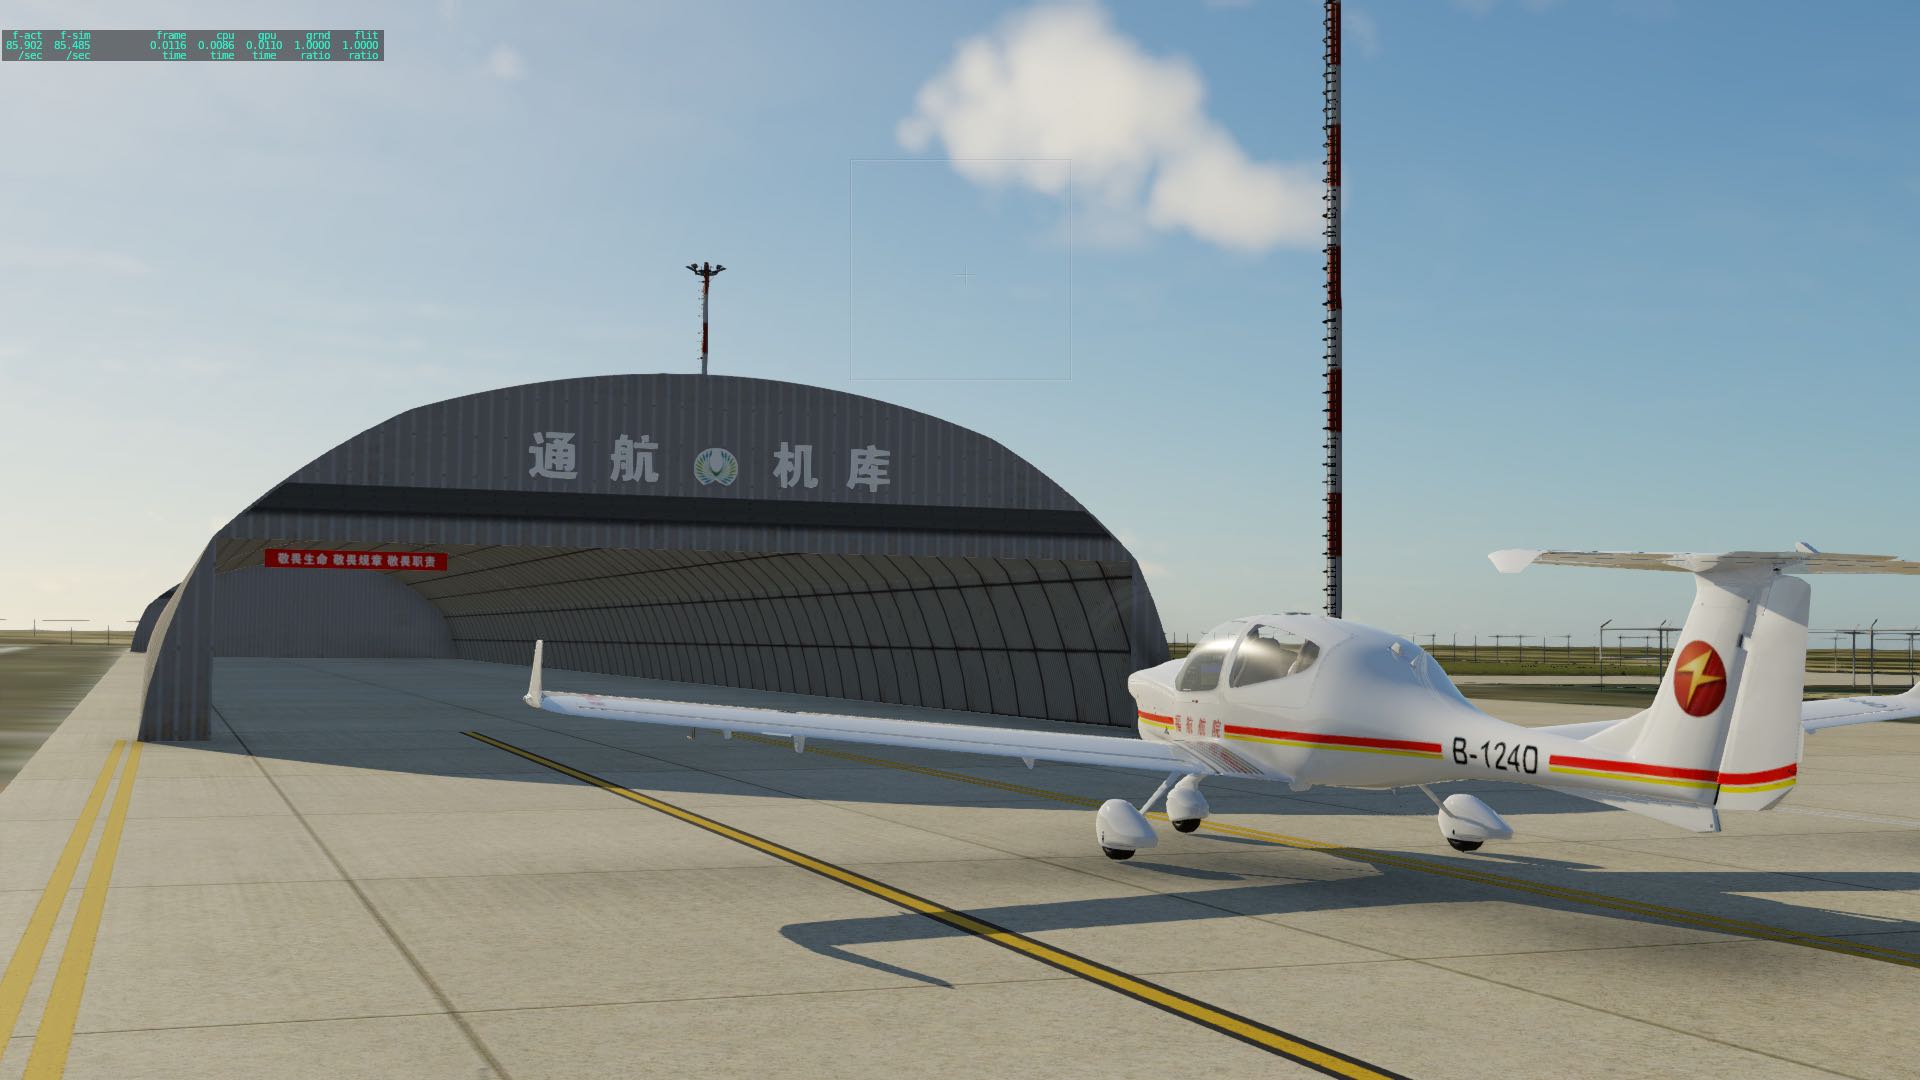 【预告】X-Plane 12松原查干湖机场 ZYSQ-2883 
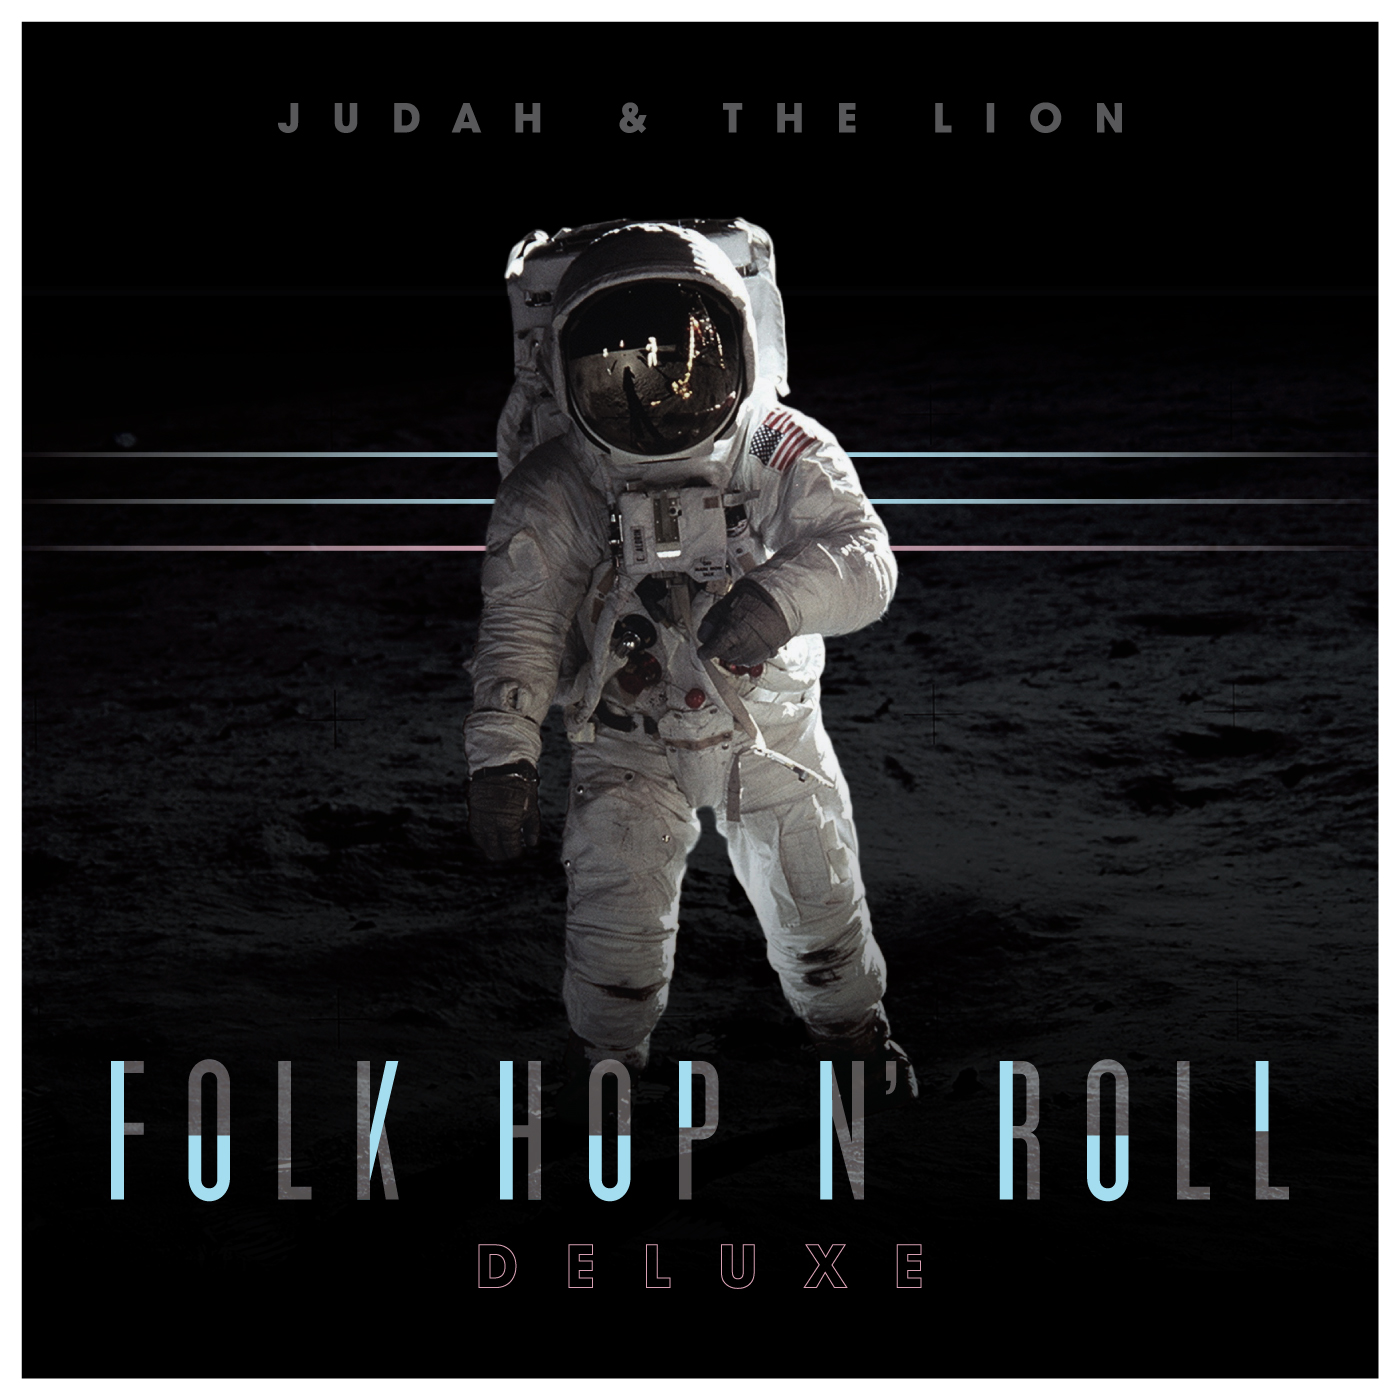 Judah & the Lion - Folk Hop N' Roll (Deluxe)
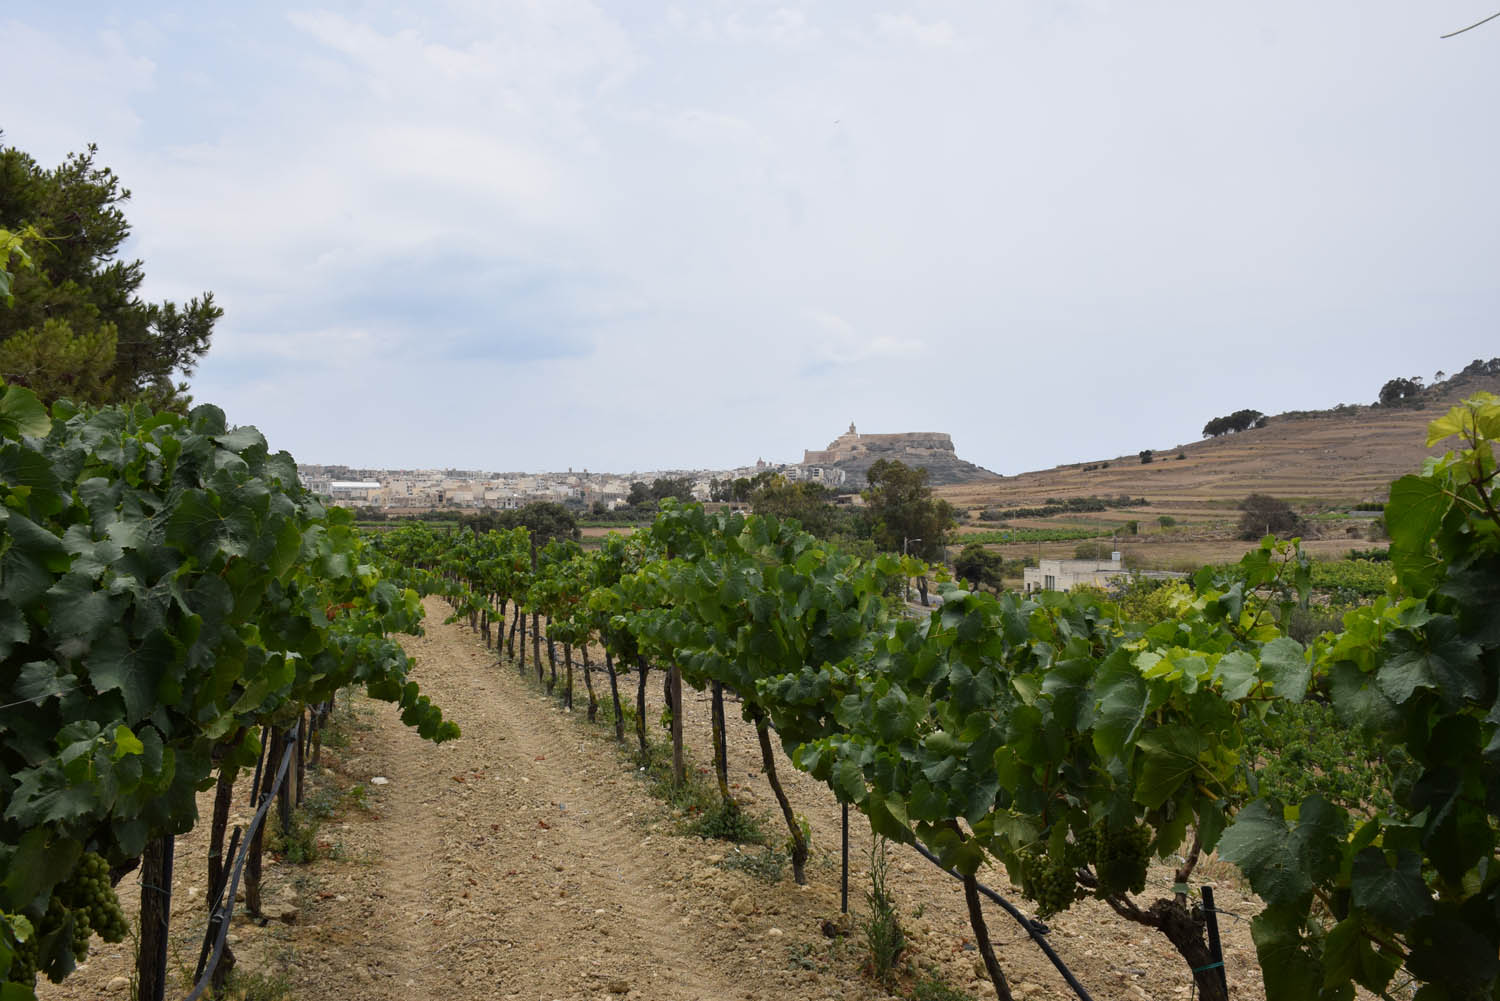 Nos vinhedos da Ta' Mena Estate com vista para a Cittadella de Gozo, Malta

===

(What to work on) Give again, word for word, the lines above from the one with "Judah & the Lion - Folk Hop N' Roll (Deluxe)" through the final line of the data, both ends included. Do not copy any picture.

(Answer to the exercise)
 Judah & the Lion - Folk Hop N' Roll (Deluxe)
 Nos vinhedos da Ta' Mena Estate com vista para a Cittadella de Gozo, Malta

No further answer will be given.